I am using Spark 1.3.1 to create a hive table from a CSV file (in which the first row is the header row). I have set the hive table property to skip the header row:
I validated with a "show create table BOP" that the table property is set to ignore the header row. But when i execute "select count(*) from mytable" i get the correct count from HUE/beeswax/beeline, but if i execute the same query via Spark i get a result that is count+1 (i.e. it counts the header row as a data row). Why is Spark reading the hive metadata and still not ignoring the header row?
Here are steps to reproduce in 1.4.1 sandbox. Still getting the issue, too many characters for a comment. Thoughts?
sqlContext.sql("create table names(name string, age int) row format delimited fields terminated by ',' stored as textfile TBLPROPERTIES('skip.header.line.count'='1')")
sqlContext.sql("LOAD DATA INPATH '/user/root/test.txt' overwrite into table names")

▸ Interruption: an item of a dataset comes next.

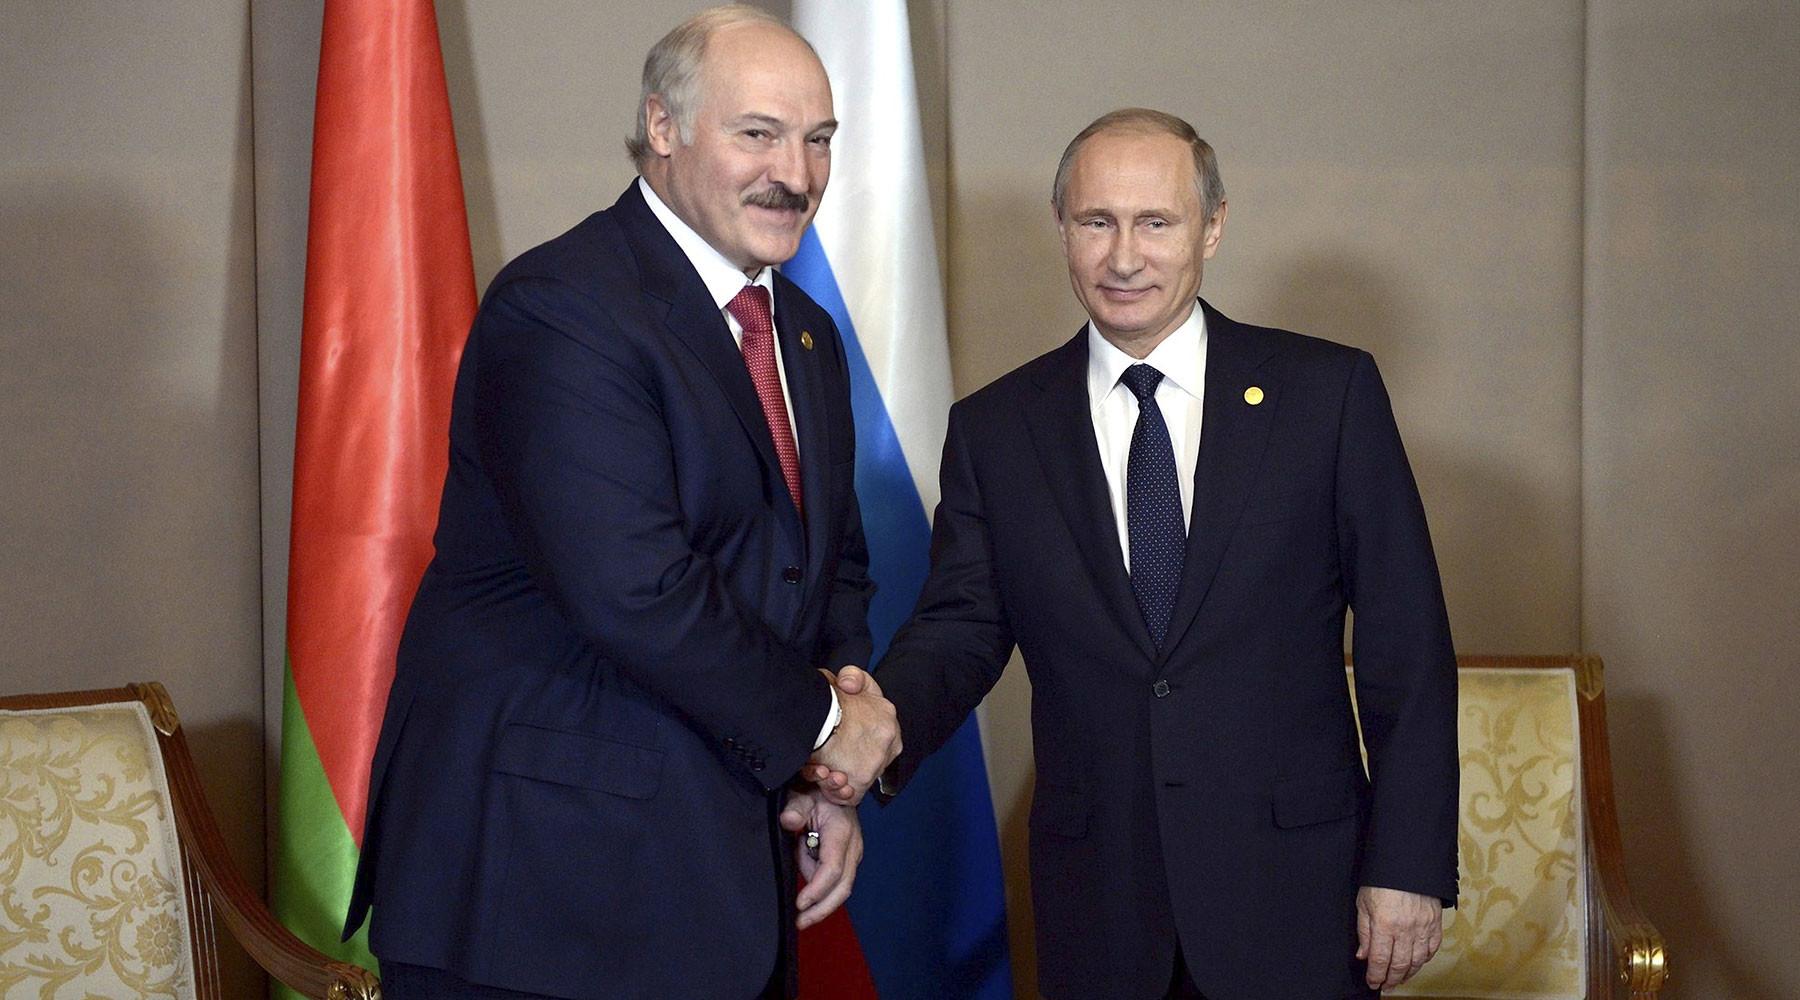 Союзный совет: какие острые вопросы обсудят Путин и Лукашенко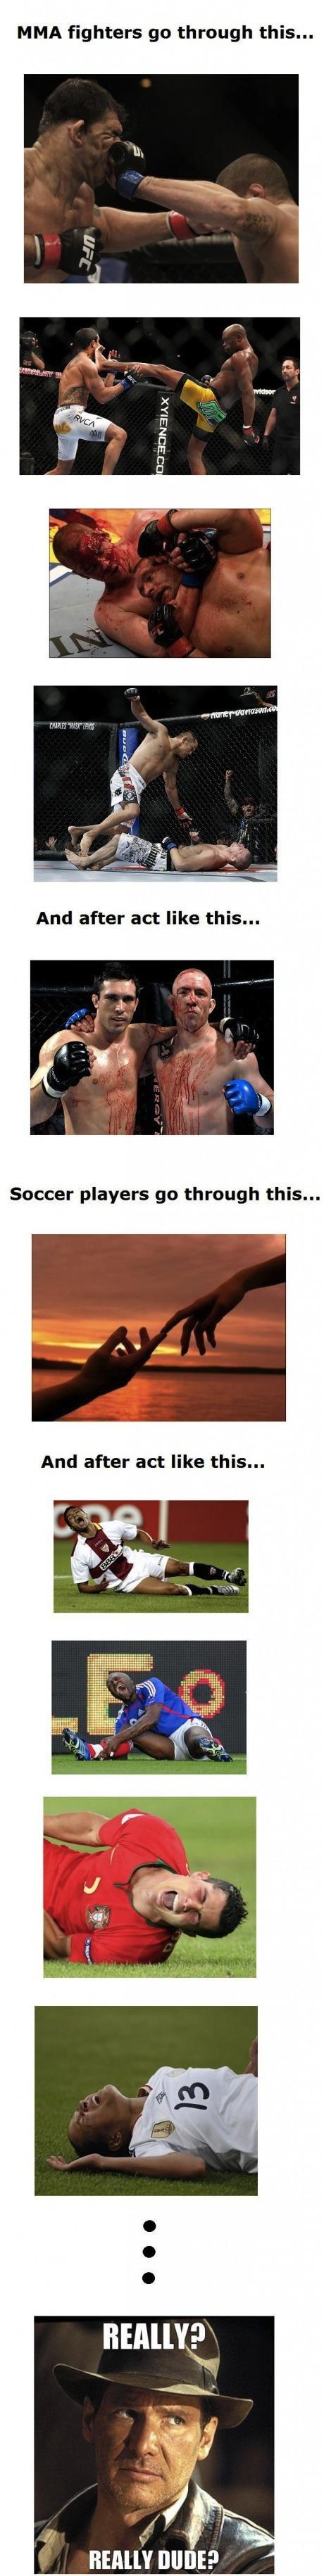 soccer fkd

sqlContext.sql("Select count(*) from names").show() 3
sqlContext.sql("Select * from names").show() +-----+-----+ | name| age | | name| null| | aaa| 1| | bbb| 2|
hive> select count(*) from names; 2
INPUT FILE: "test.txt", with contents:
name,age aaa,1 bbb,2
@vshukla I just recreated the scenario @Maleeha Qazi mentioned using a HiveContext in both pyspark, and spark-shell with the sandbox and spark 1.4.1. Still getting the same erroneous output that was mentioned. I created the table using the HiveContext. The show create table looks good in hive. Looks like when spark-sql queries the table, its not handling the header correctly. Not respecting the table property when querying.
Hive is handling the header just fine.